[Excerpts from a dataset]
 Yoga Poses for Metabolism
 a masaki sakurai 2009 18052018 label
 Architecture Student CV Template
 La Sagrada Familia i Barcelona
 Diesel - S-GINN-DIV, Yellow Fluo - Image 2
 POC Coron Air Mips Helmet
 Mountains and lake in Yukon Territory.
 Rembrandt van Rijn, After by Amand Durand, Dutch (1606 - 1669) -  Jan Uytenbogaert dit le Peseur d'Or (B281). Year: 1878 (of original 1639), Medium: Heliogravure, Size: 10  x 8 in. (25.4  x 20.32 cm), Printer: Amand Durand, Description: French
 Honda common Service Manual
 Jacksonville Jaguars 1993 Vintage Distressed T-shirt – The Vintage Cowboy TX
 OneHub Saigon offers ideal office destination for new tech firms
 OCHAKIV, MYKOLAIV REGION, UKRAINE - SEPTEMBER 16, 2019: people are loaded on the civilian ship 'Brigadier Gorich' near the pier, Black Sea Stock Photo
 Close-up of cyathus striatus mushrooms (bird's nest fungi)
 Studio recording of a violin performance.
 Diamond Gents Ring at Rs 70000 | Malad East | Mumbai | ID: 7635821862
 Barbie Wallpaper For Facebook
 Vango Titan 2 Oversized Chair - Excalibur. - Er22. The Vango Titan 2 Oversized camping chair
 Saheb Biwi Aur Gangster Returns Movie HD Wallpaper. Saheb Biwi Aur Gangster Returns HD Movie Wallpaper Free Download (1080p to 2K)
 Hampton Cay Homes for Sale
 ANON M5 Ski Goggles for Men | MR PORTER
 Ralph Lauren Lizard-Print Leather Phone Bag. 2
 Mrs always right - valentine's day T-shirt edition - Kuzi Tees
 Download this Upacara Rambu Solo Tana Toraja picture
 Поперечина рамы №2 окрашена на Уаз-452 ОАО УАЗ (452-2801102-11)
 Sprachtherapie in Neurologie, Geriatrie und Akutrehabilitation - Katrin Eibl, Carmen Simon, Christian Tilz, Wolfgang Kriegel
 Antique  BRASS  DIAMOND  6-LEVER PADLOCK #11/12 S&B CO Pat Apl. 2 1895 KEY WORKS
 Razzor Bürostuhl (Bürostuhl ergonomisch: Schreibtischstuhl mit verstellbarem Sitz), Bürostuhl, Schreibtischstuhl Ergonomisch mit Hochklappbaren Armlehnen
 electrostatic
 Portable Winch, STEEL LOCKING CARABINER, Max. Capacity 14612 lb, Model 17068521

- _Directions_
Taking the records above line by line, count those that hold the word "shirt"; the number is the entire answer.

- _Exercise result_
2